In the Matter of the Arbitration of a Dispute Between





Case 15

No. 61906


(McConnell Leave Grievance)


Mr. William Moberly, Staff Representative, Wisconsin Council 40, AFSCME, AFL-CIO, 8033 Excelsior Drive, Suite "B", Madison, Wisconsin 53717-1903, for the labor organization.

Mr. Robert Ellisor, City Administrator, 101 North Main Street, Adams, Wisconsin, for the municipal employer.

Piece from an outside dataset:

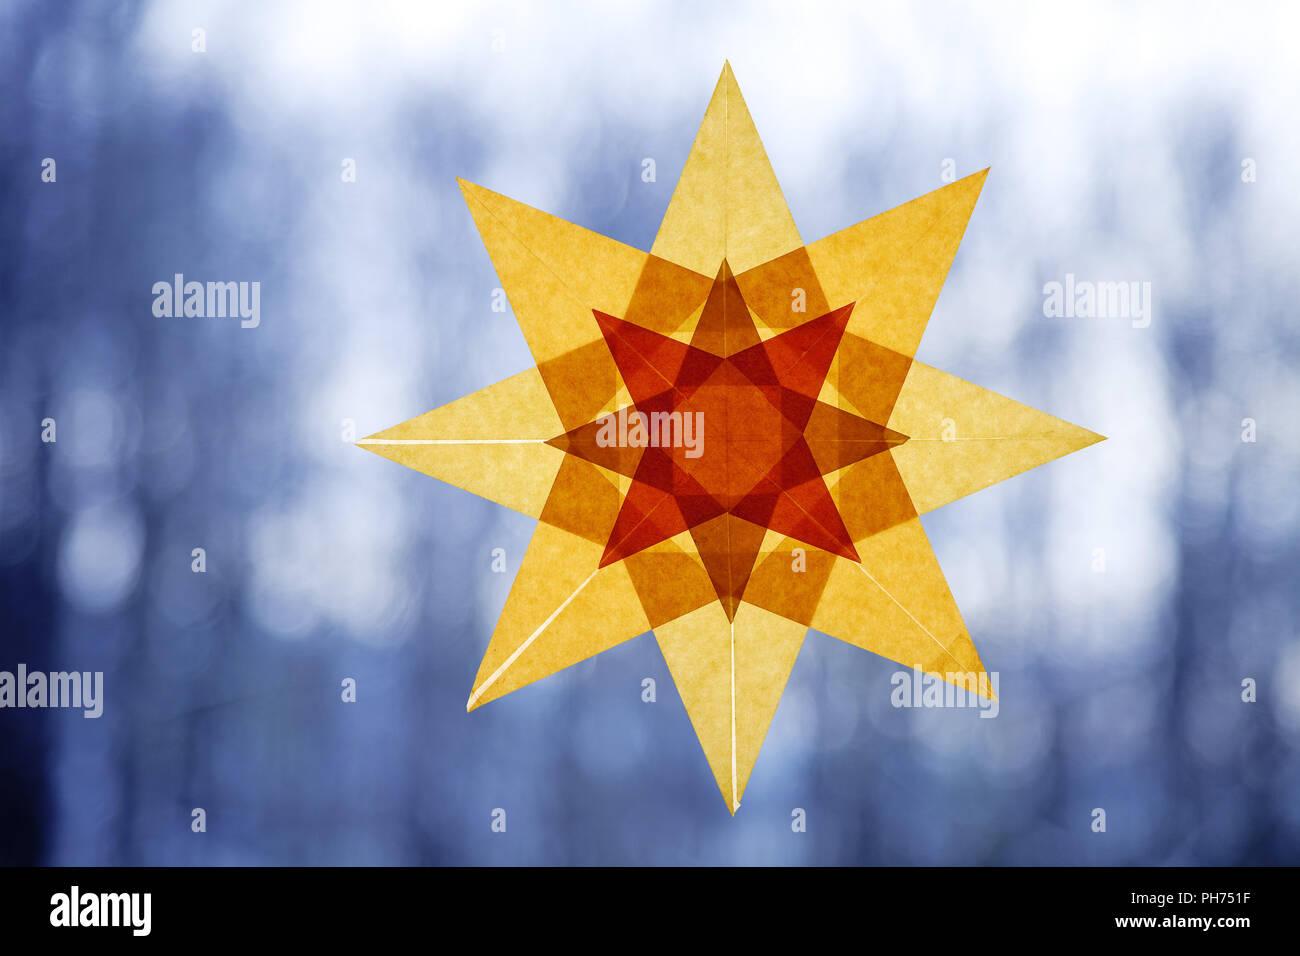 Transparente, estrella de la decoración de las ventanas, el invierno Imagen De Stock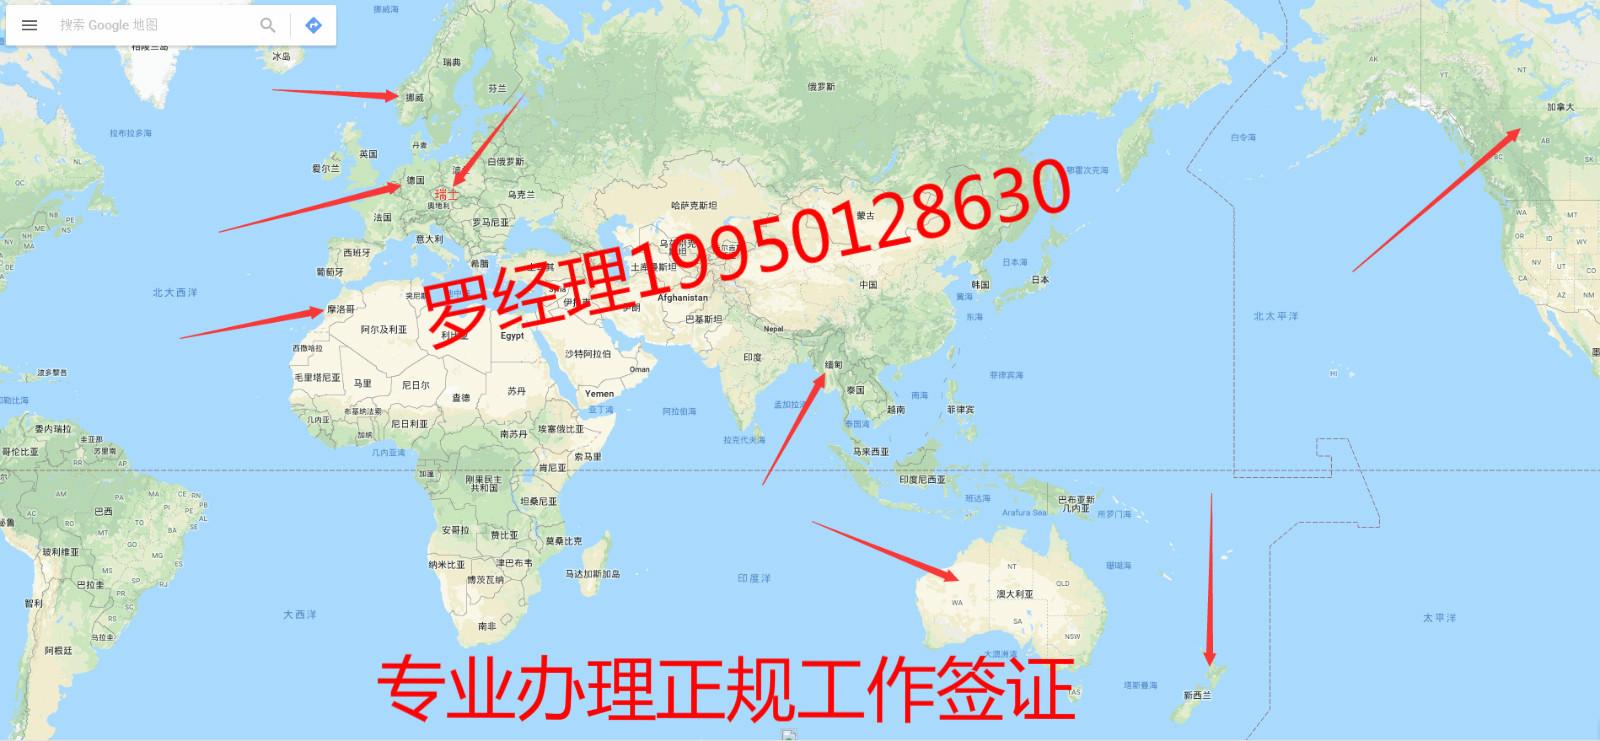 国外打工油漆工报名中劳务输出(江西新闻)

The City of Adams Employees' Union, Local 323, AFSCME, AFL-CIO and the City of Adams are parties to a collective bargaining agreement which provides for final and binding arbitration of disputes arising thereunder. The union made a request, in which the city concurred, for the Wisconsin Employment Relations Commission to appoint a member of its staff to hear and decide a grievance concerning the meaning and interpretation of the terms of the agreement relating to medical leaves of absence. The commission designated Stuart Levitan to serve as the impartial arbitrator. Hearing in the matter was held on March 23, 2003; it was not transcribed. The city and union filed written arguments on May 8 and 9, respectively; only the union chose to file a reply brief, which it did on May 20.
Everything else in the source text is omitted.